= Vizastar =

Integrated software package for the Commodore 64

Vizastar was the first integrated software package for the Commodore 64 home computer. At the time of its introduction it was the only package for the C64 with features comparable to Lotus 1-2-3, including spreadsheet, database and graphics components. It had the ability to split or merge files between the database and spreadsheet components and could split the screen into up to nine windows.

To alleviate the C64's somewhat limited memory capacity when running complex software, Vizastar included a ROM cartridge that provided an additional 4K RAM and also served as a form of copy protection. This allowed the program to remain compatible with third-party floppy disk drives for the C64, such as the Indus GT and MSD Super Disk, unlike many copy protected packages. Commodore serial printers were supported, as were RS-232 and Centronics printers with the appropriate interface.

The spreadsheet had a maximum size of 1,000 rows by 64 columns, or 64,000 cells, but because only about 10k of memory was left available after the program was loaded, not all the cells could be used. The additional cells provided flexibility in the dimensions of the spreadsheet. The spreadsheet module had a macro feature that could execute a series of commands at once.

The database had a capacity of 1200 fields, which could each hold 124 characters. In order to keep down the programs memory requirements, it was necessary to export a database to the spreadsheet module in order to sort it.

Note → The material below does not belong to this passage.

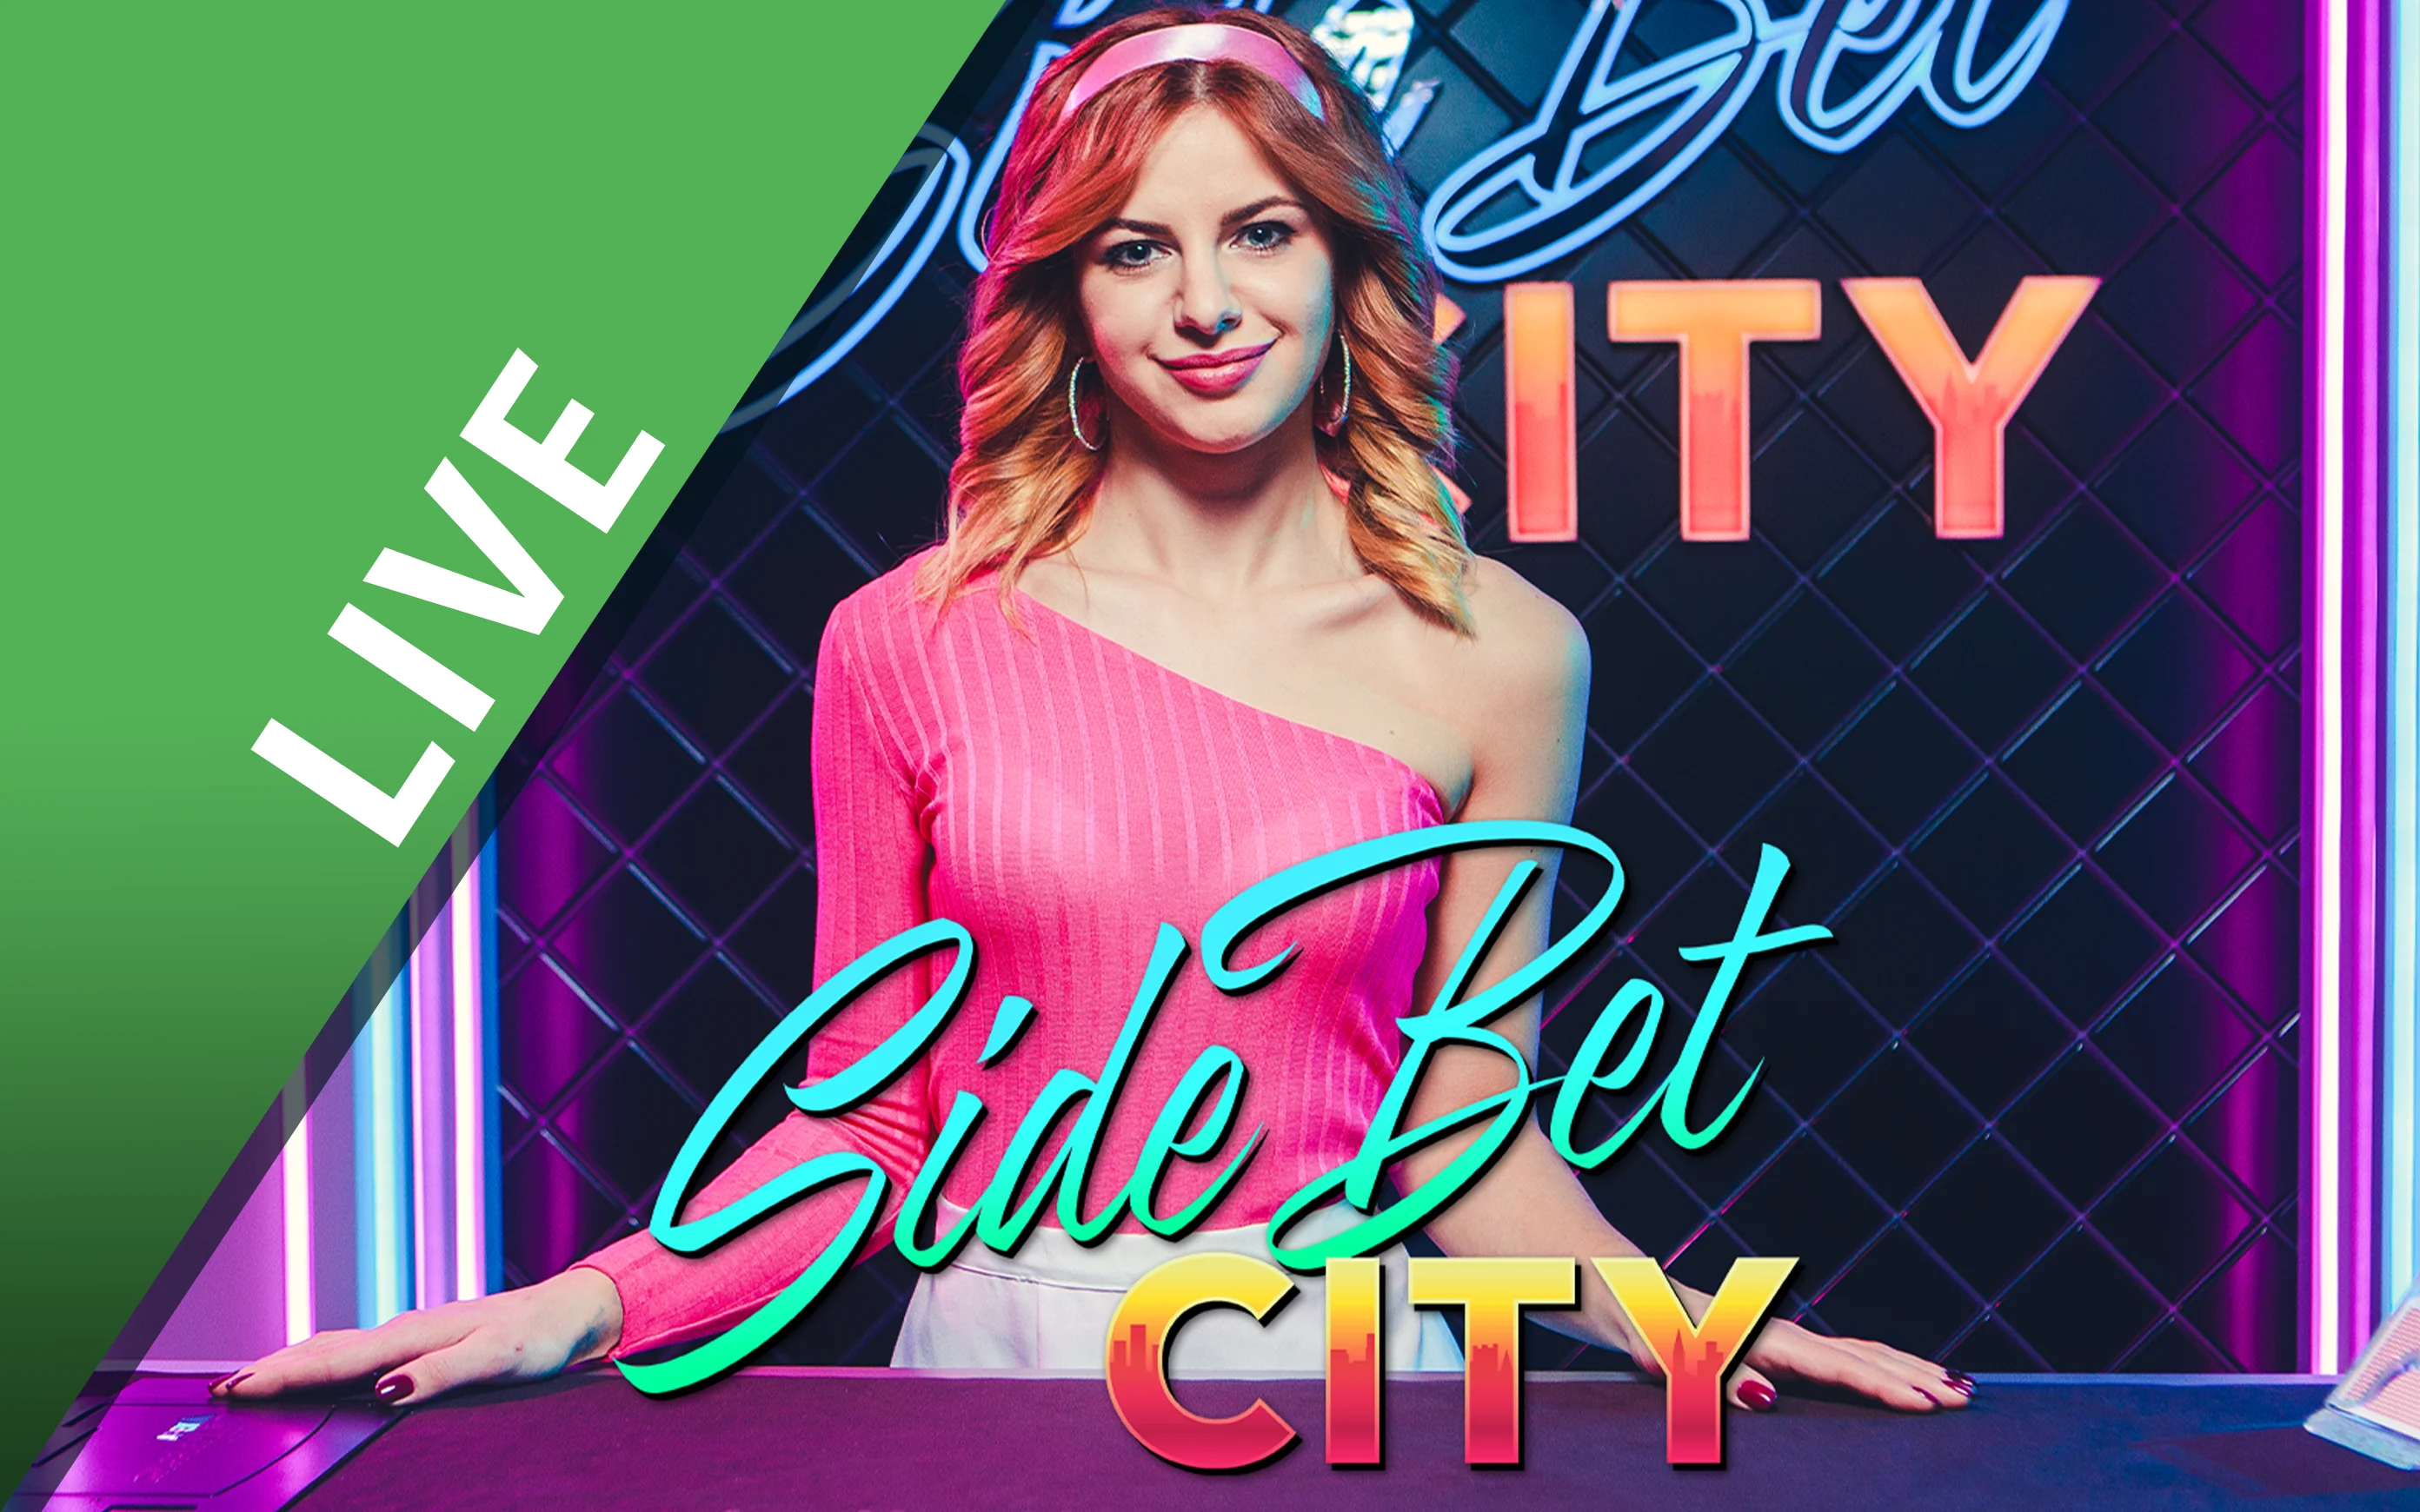 Starcasino.be online casino üzerinden Side Bet City oynayın

It was later ported to the Commodore 128.

==Reception==
Commodore Microcomputers stated that "Vizastar packs so much muscle into the 64 that it is hard to believe you're running it on a 64K machine". The reviewer approved of the software's speed, "excellent documentation", and use of windows to show multiple portions of a document. He concluded, "I ... could find no major weaknesses. It seems to be a 64 application program beyond reproach ... Vizastar is an all-star!" Compute!'s Gazette said "There's nothing quite like Vizastar 128 for the Commodore 128 ... Each application, if available separately, would be a good solid program". The magazine concluded that it was "a gem of a program", and "as close as it comes" to Lotus 1-2-3 for the 128. Info said of Vizastar 128, "Despite minor quirks this is a powerhouse program with few of the compromises normally associated with integrated programs". The magazine added that if the company could combine it with Vizawrite Classic, "it would become the Commodore 128 Appleworks".